:: Problem description ::
Reproduce only the lines below from the line containing "Подушка Smart Textile Безмятежность, наполнитель: лебяжий" to the line containing "İÜHF idare kürsüsü", exactly as written, with both end lines kept. Omit the pictures.

:: Dataset records ::
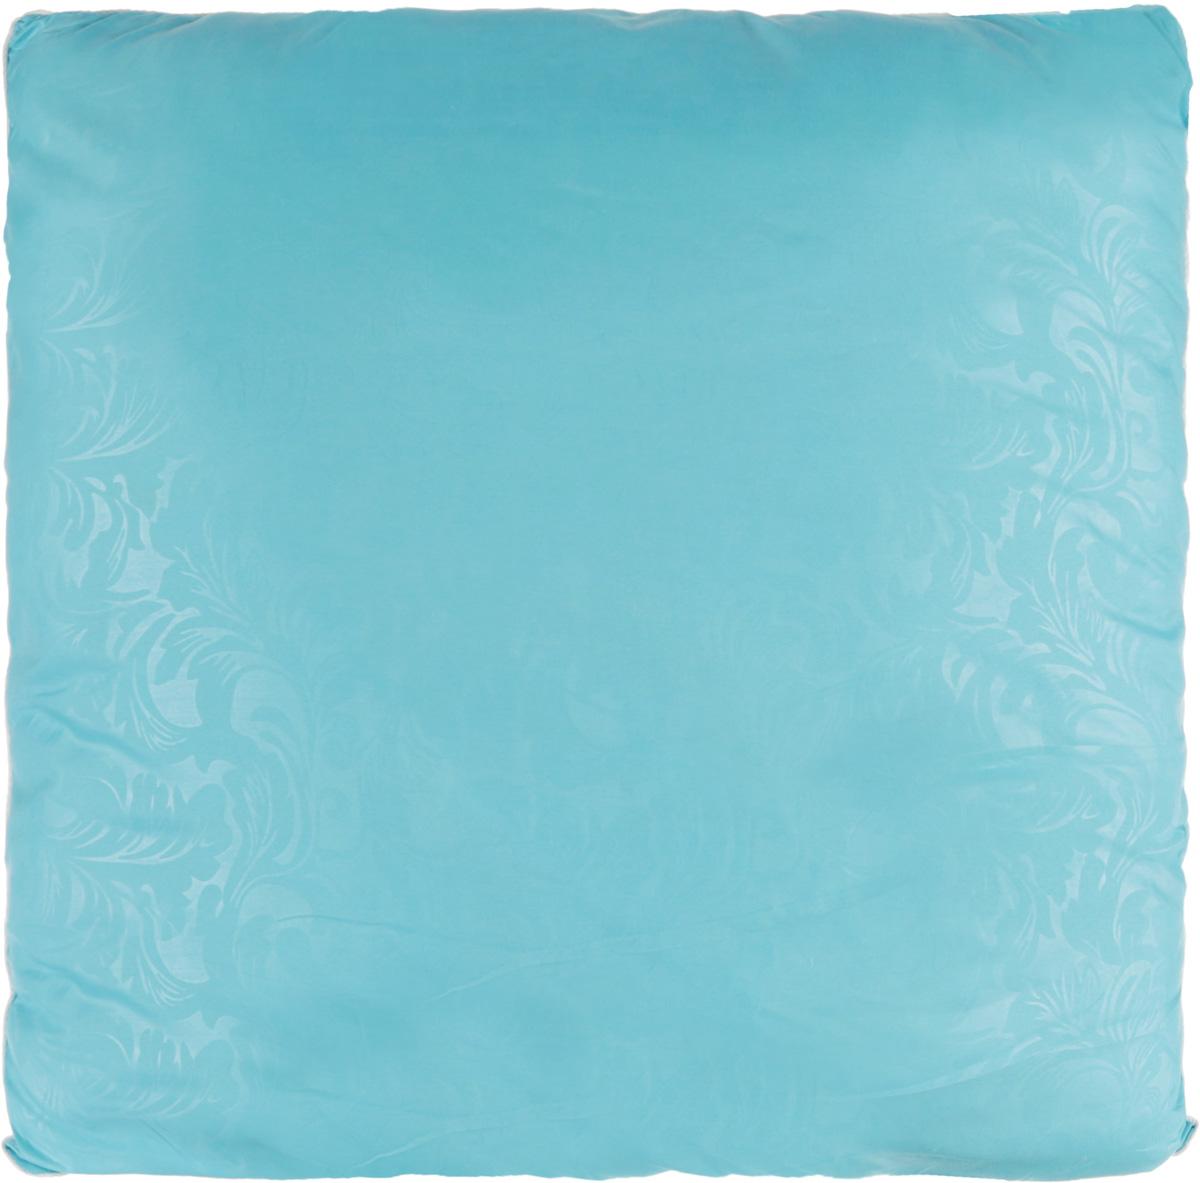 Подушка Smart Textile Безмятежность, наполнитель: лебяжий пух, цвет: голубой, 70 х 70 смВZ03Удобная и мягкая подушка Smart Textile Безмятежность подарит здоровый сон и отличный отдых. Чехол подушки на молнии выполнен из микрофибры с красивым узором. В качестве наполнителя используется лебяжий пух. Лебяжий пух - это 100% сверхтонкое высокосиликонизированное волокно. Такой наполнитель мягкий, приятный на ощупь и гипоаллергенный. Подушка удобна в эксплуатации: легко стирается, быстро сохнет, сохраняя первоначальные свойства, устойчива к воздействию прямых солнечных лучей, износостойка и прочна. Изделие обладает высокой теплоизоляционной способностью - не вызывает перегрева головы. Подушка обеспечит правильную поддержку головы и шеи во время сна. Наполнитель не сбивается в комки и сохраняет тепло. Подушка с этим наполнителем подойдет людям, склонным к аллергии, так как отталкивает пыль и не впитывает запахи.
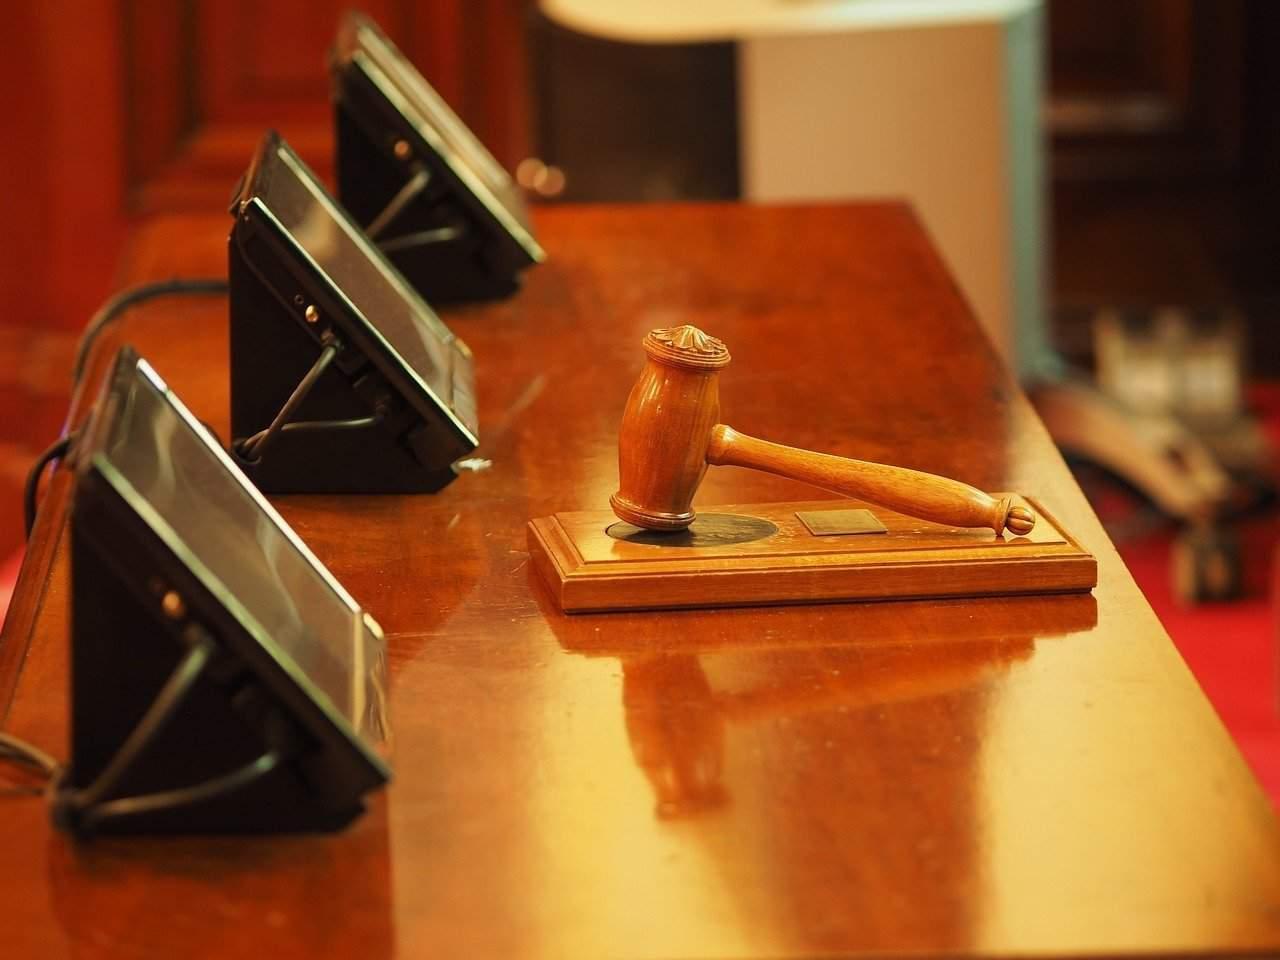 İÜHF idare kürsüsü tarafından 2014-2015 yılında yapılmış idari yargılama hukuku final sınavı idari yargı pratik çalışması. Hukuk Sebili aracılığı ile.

...

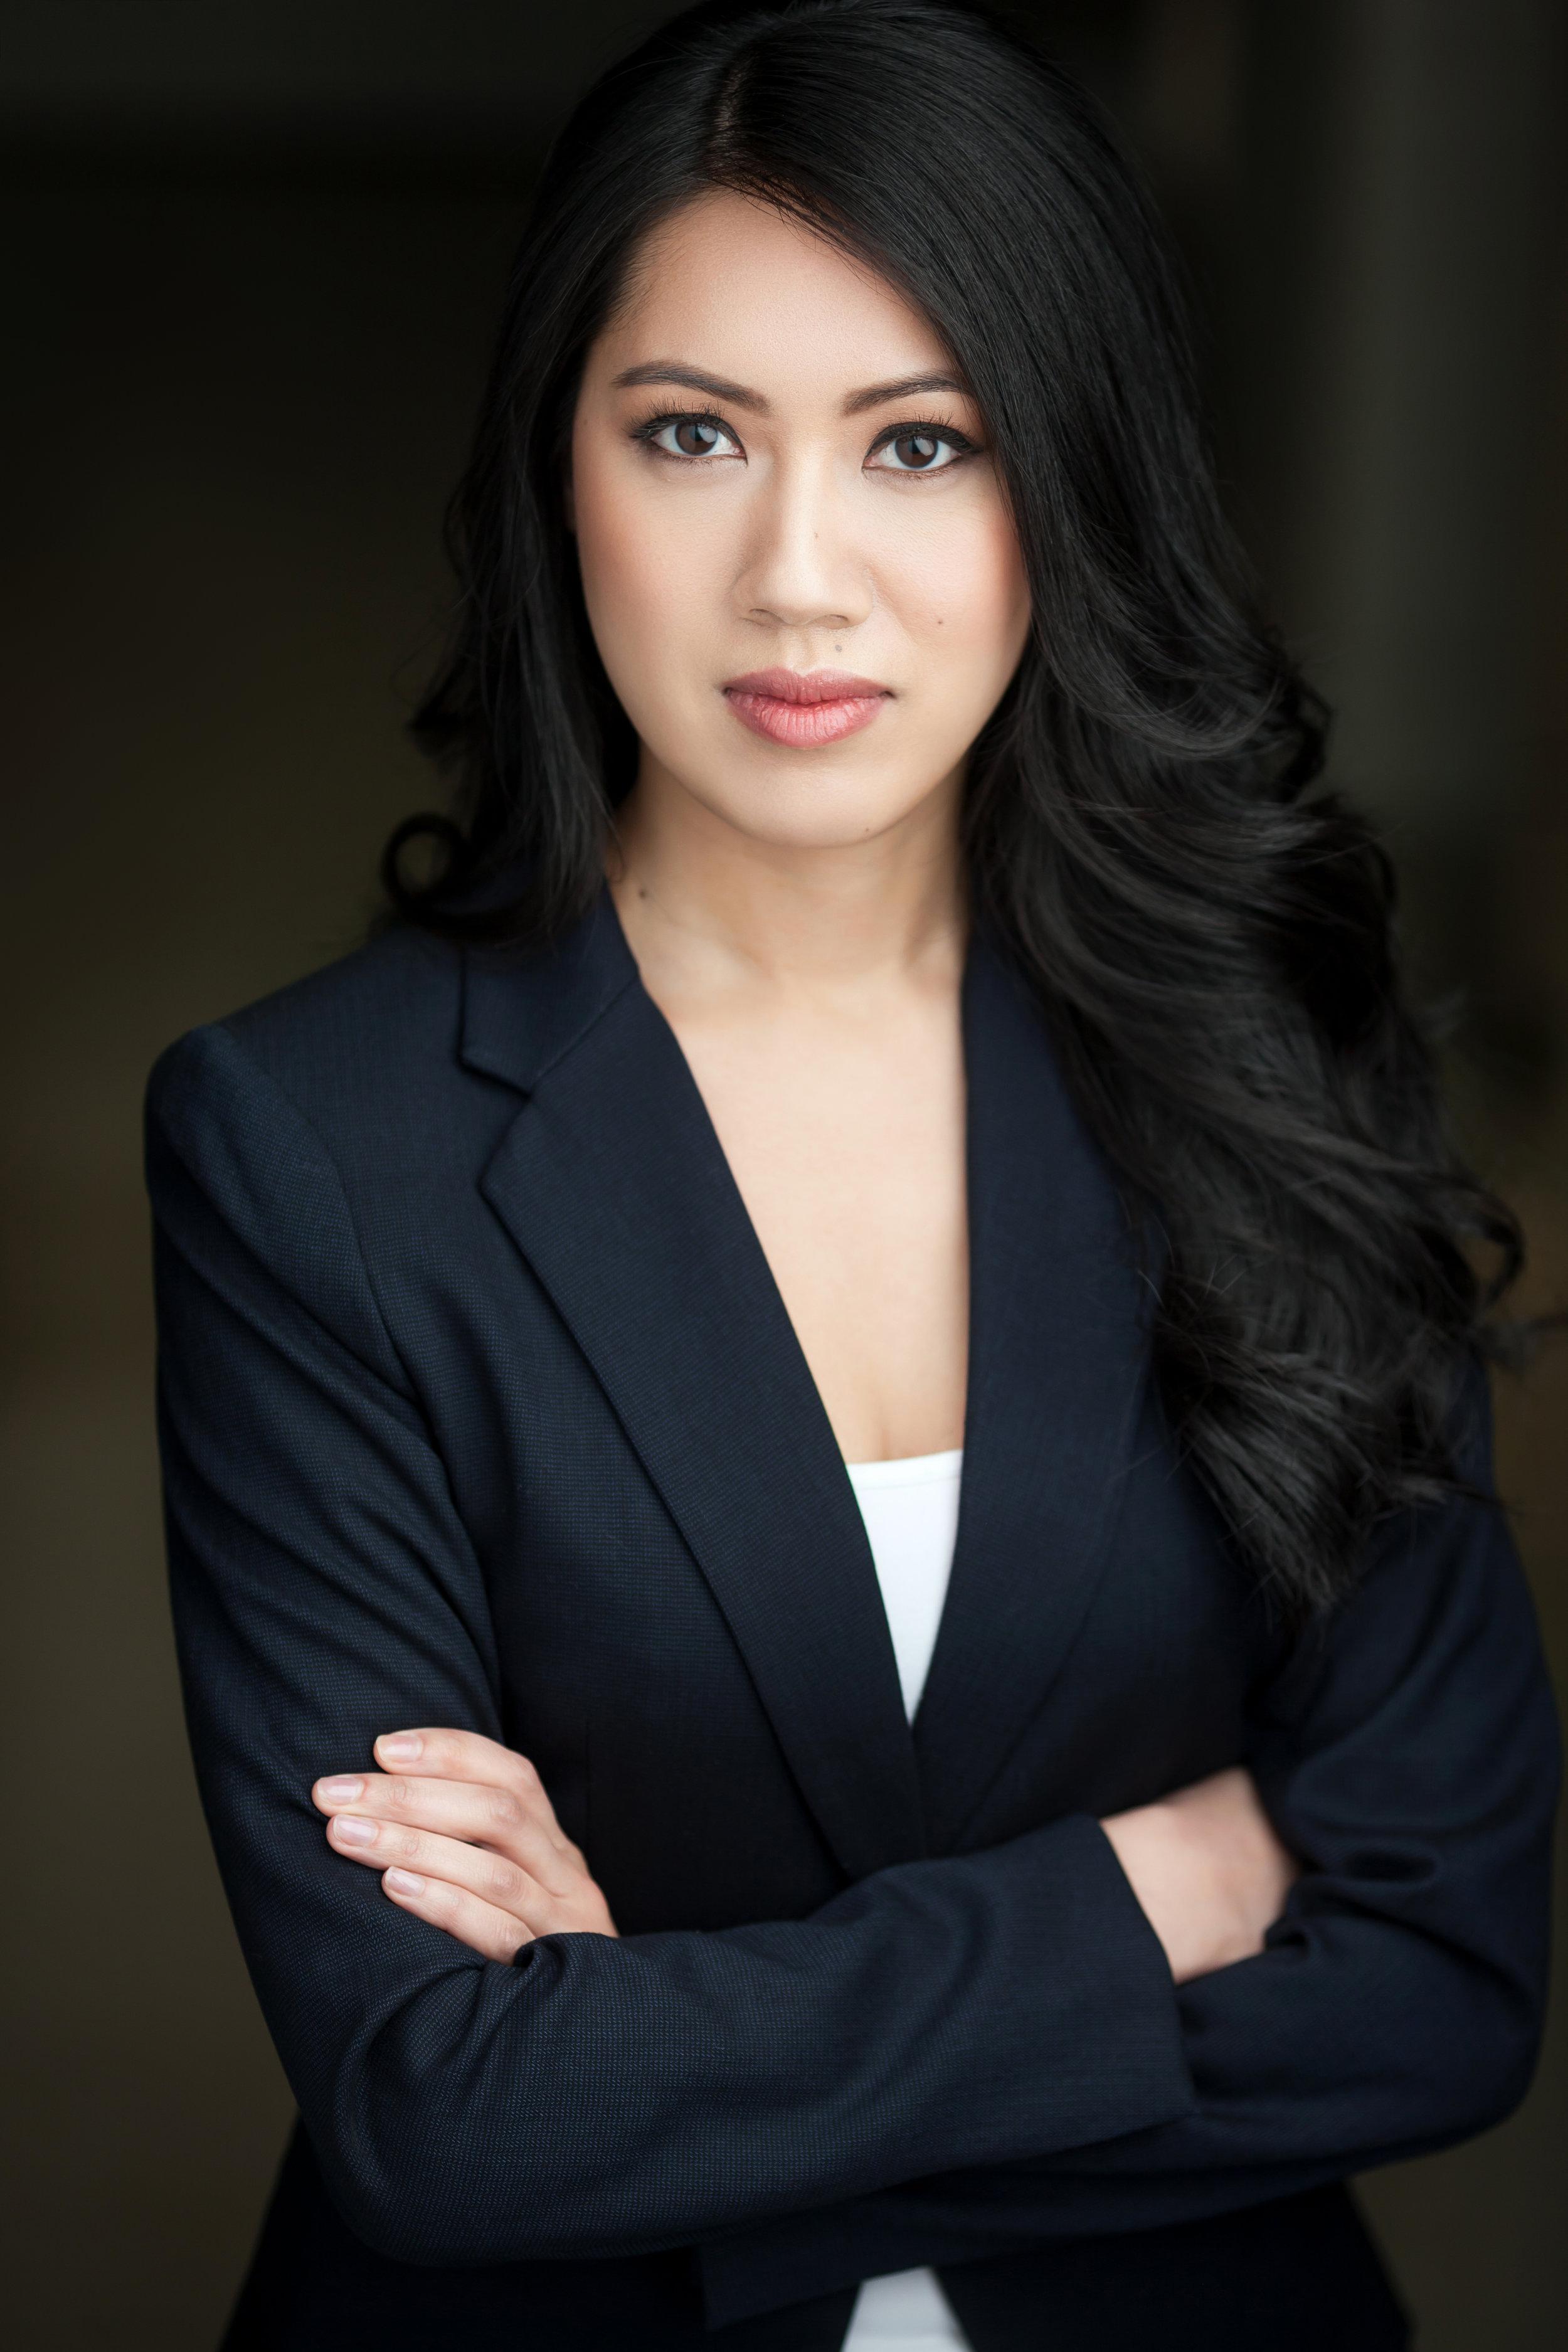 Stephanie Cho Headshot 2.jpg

:: Reply ::
 Подушка Smart Textile Безмятежность, наполнитель: лебяжий пух, цвет: голубой, 70 х 70 смВZ03Удобная и мягкая подушка Smart Textile Безмятежность подарит здоровый сон и отличный отдых. Чехол подушки на молнии выполнен из микрофибры с красивым узором. В качестве наполнителя используется лебяжий пух. Лебяжий пух - это 100% сверхтонкое высокосиликонизированное волокно. Такой наполнитель мягкий, приятный на ощупь и гипоаллергенный. Подушка удобна в эксплуатации: легко стирается, быстро сохнет, сохраняя первоначальные свойства, устойчива к воздействию прямых солнечных лучей, износостойка и прочна. Изделие обладает высокой теплоизоляционной способностью - не вызывает перегрева головы. Подушка обеспечит правильную поддержку головы и шеи во время сна. Наполнитель не сбивается в комки и сохраняет тепло. Подушка с этим наполнителем подойдет людям, склонным к аллергии, так как отталкивает пыль и не впитывает запахи.
 İÜHF idare kürsüsü tarafından 2014-2015 yılında yapılmış idari yargılama hukuku final sınavı idari yargı pratik çalışması. Hukuk Sebili aracılığı ile.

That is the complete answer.